Large multinational companies can already play games to avoid paying the full rate, such as transferring intellectual property to tax havens and then stashing those profits abroad to indefinitely put off paying US taxes. Apple, for example, transfers patents and other intangible assets abroad, and then further reduces its tax burden with additional sub-licensing. Through tax schemes with names like the “Double Irish With a Dutch Sandwich,” Apple has been able to amass more more than $128 billion in profits abroad that haven’t been touched by the IRS.

Republicans are proposing a series of guardrails to try to prevent companies shifting intangible assets—such as patents and trademarks—to tax havens. But Rosenthal says those protections are mostly ineffective and in fact create a set of new incentives to invest more abroad. He adds that it’s unclear whether the new status quo would be worse than the current system.

The main guardrail in the tax bills would impose a 10 percent tax on foreign profits that exceed a company’s “routine” return on tangible assets abroad. (Rosenthal’s blog post provides a more detailed explanation of how that works.) In theory, the guardrail would lead to companies paying a 10 percent tax when they shift profits to tax havens, but not when they actually make things abroad. In practice, the guardrail allows companies to shelter more money in tax havens when they build factories and other physical assets abroad—offering new tax incentives for companies to ship jobs overseas. 

Either way, 10 percent is still half of what they would have paid if they hadn’t tried to game the system. Clausing argues that’s a clear sign Republicans are favoring foreign profits. Another is that Republicans’ aren’t using a territorial tax model that requires companies to pay a minimum rate in every country they operate in. Instead, the bill only considers whether they pay 10 percent abroad, on average. That’s an easy loophole to exploit. If Ford has a factory in Japan, it pays a corporate tax rate of about 30 percent. Ford could then shift intangible assets from the United States to a tax haven like Bermuda and still be paying more than 10 percent on a global basis. Clausing tells Mother Jones that it’s “well-known that a per-country minimum tax would be more effective and I think that’s why they didn’t do it.” 

Almost everyone agrees that the current system for taxing foreign profits doesn’t work either. Under current law, US companies can indefinitely defer paying taxes on foreign profits. That’s led to companies keeping more than $2.6 trillion abroad. Trump—fashioning himself something of an offshore profits diviner—believes there is actually more than $4 trillion held abroad. Rosenthal isn’t sure where Trump gets that number. “He just makes things up,” Rosenthal adds.

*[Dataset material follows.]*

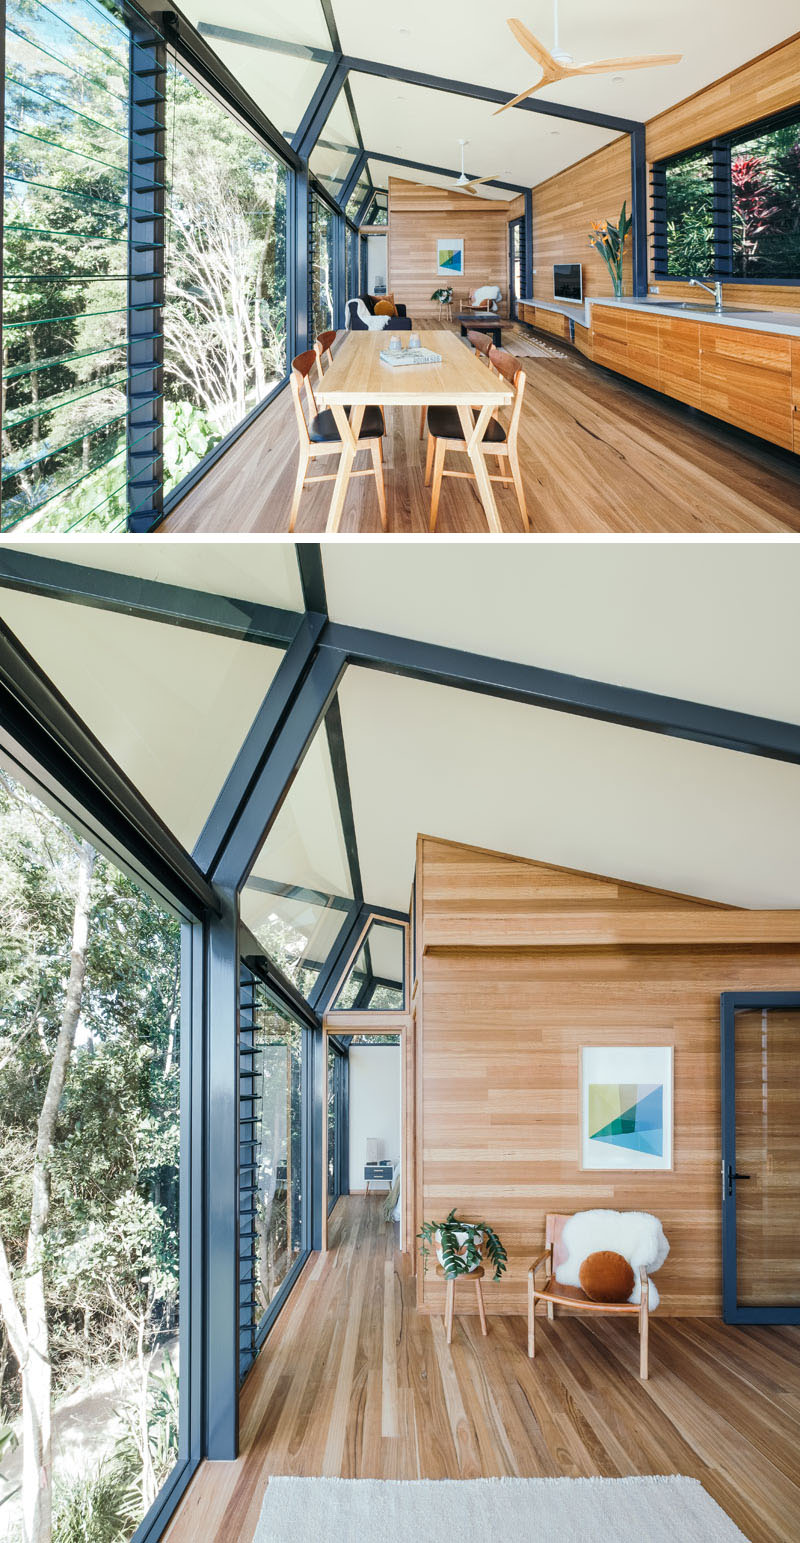 Small Modern Cabin Wood Interior Design 071018 1021 06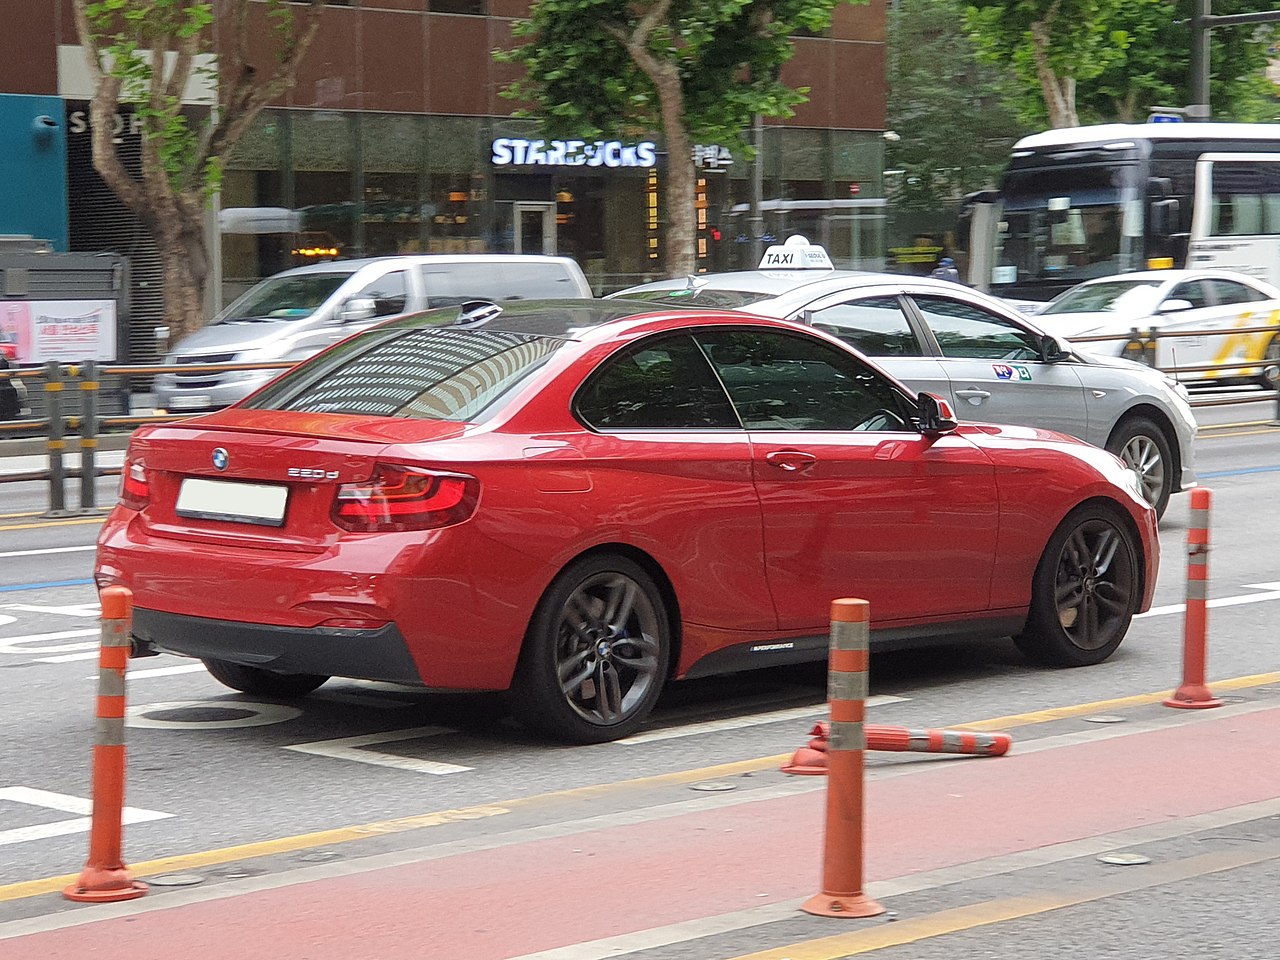 https://upload.wikimedia.org/wikipedia/commons/thumb/3/39/BMW_F22_220d_Melbourne_Red_Metallic_%282%29.jpg/1280px-BMW_F22_220d_Melbourne_Red_Metallic_%282%29.jpg

For years, companies like Apple have been banking on Congress creating another “tax holiday” that would allow them return, or repatriate, money to the United States at a significantly reduced rate. The Obama administration proposed creating a tax holiday, and using the revenue to fund investments in US infrastructure. Both tax bills would use a 14 percent repatriation rate for the profits companies are currently hoarding in other countriesRepublicans say this would lead to companies investing in US infrastructure. But in 2004, a “one-time,” 5 percent tax holiday mostly led to companies rewarding shareholders with stock buybacks and increased dividends, while laying off workers.

Proponents of the tax holiday argue the money is “trapped” abroad. Rosenthal says that’s misleading because the profits are often deliberately shifted there. Companies could return them anytime. They just don’t want to pay the taxes.